In modern economic research, computers enhance our capacity of analyzing complex problems with data support. Computation is particularly important in fields involving dynamic modeling, structural equations, and massive data, such as macro, labor, and industrial organization. However, computational methods have not been part of the core curriculum of postgraduate-level economics education, whereas programming skills are critical for a postgraduate’s success in academia and industry. The objective of this course is to introduce graduate students to commonly applied computational approaches for solving econometric models, with an emphasis on numerical optimization, Bayesian MCMC, simulation-based methods, and dynamic programming.

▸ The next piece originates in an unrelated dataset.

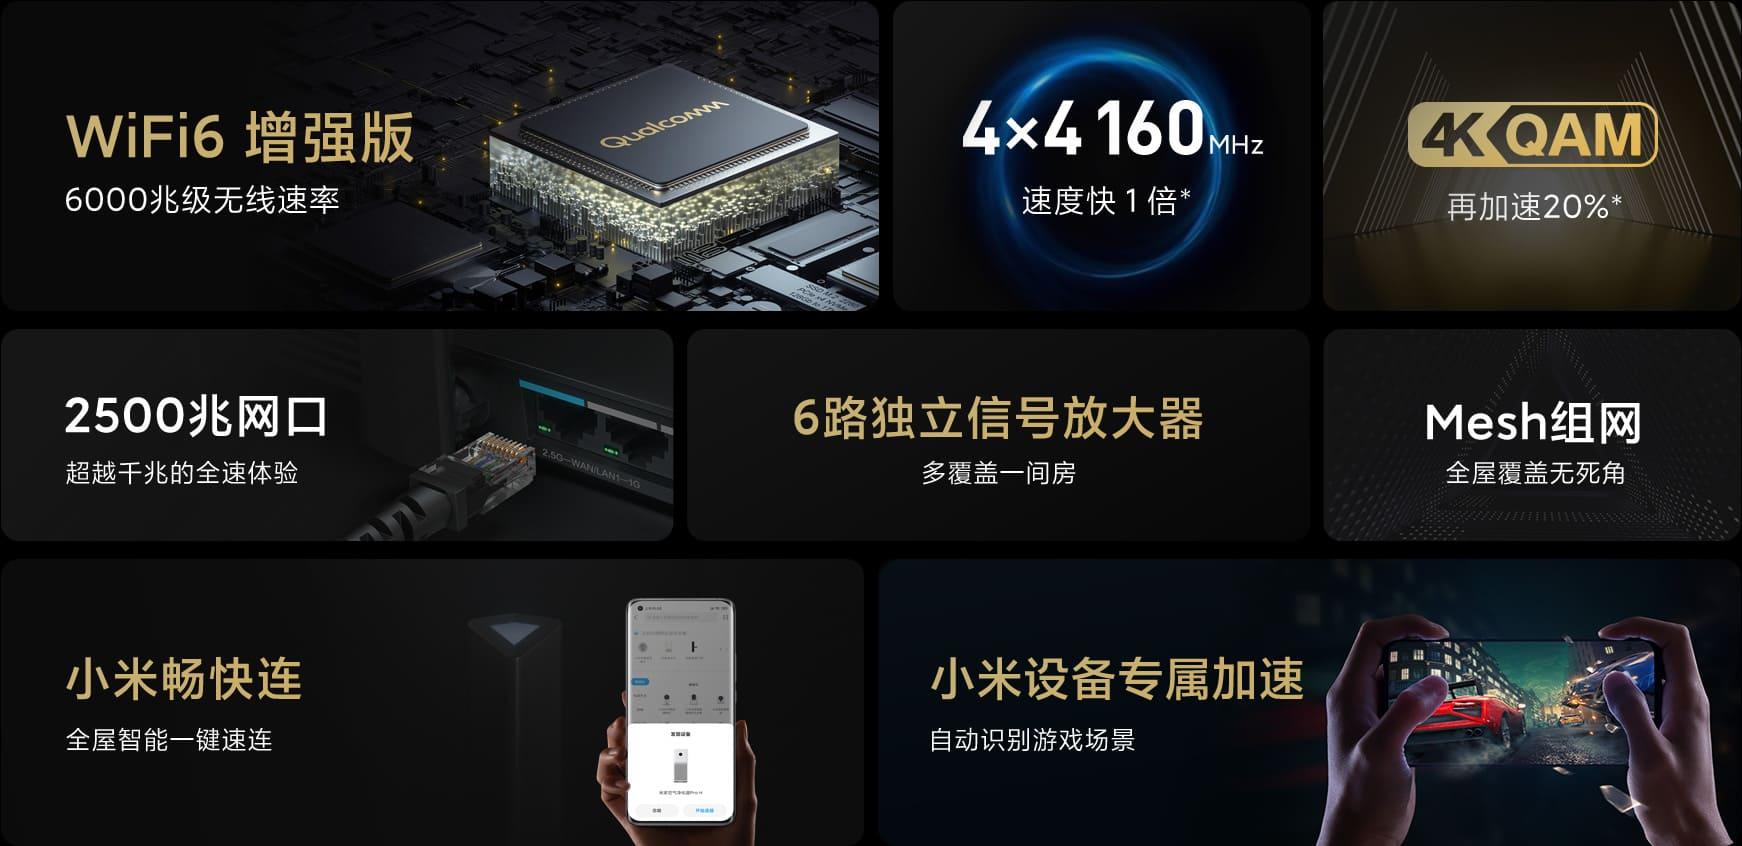 especificaciones-Xiaomi-AX6000

We expect that at the end of the course a student would proficiently use at least one programming language (Stata, Matlab, R, etc). Moreover, we aim to equip the students with the computational ability to tackle problems of their own research areas. 

Course Objective
This course intends to introduce students with computational methods for solving econometric problems, and expose students to extensive programming exercises. After completing this course, students should
1. have intermediate skills on using STATA, R, and MATLAB.
2. be familiar with well-known computational methods used in the current literature
3. be able to explore and potentially solve computational challenges faced by their own research. 
Course Requirement
待補 
Student Workload (expected study time outside of class per week)
 
Office Hours
 
Designated reading
 
References
1. Cameron, A. C., & Trivedi, P. K. (2005). Microeconometrics: Methods and Applications. Cambridge university press.
2. Cameron, A. C., & Trivedi, P. K. (2009). Microeconometrics Using Stata (Vol. 5, p. 706). College Station, TX: Stata press.
3. Koop, G., Poirier, D. J., & Tobias, J. L. (2007). Bayesian Econometric Methods. Cambridge University Press.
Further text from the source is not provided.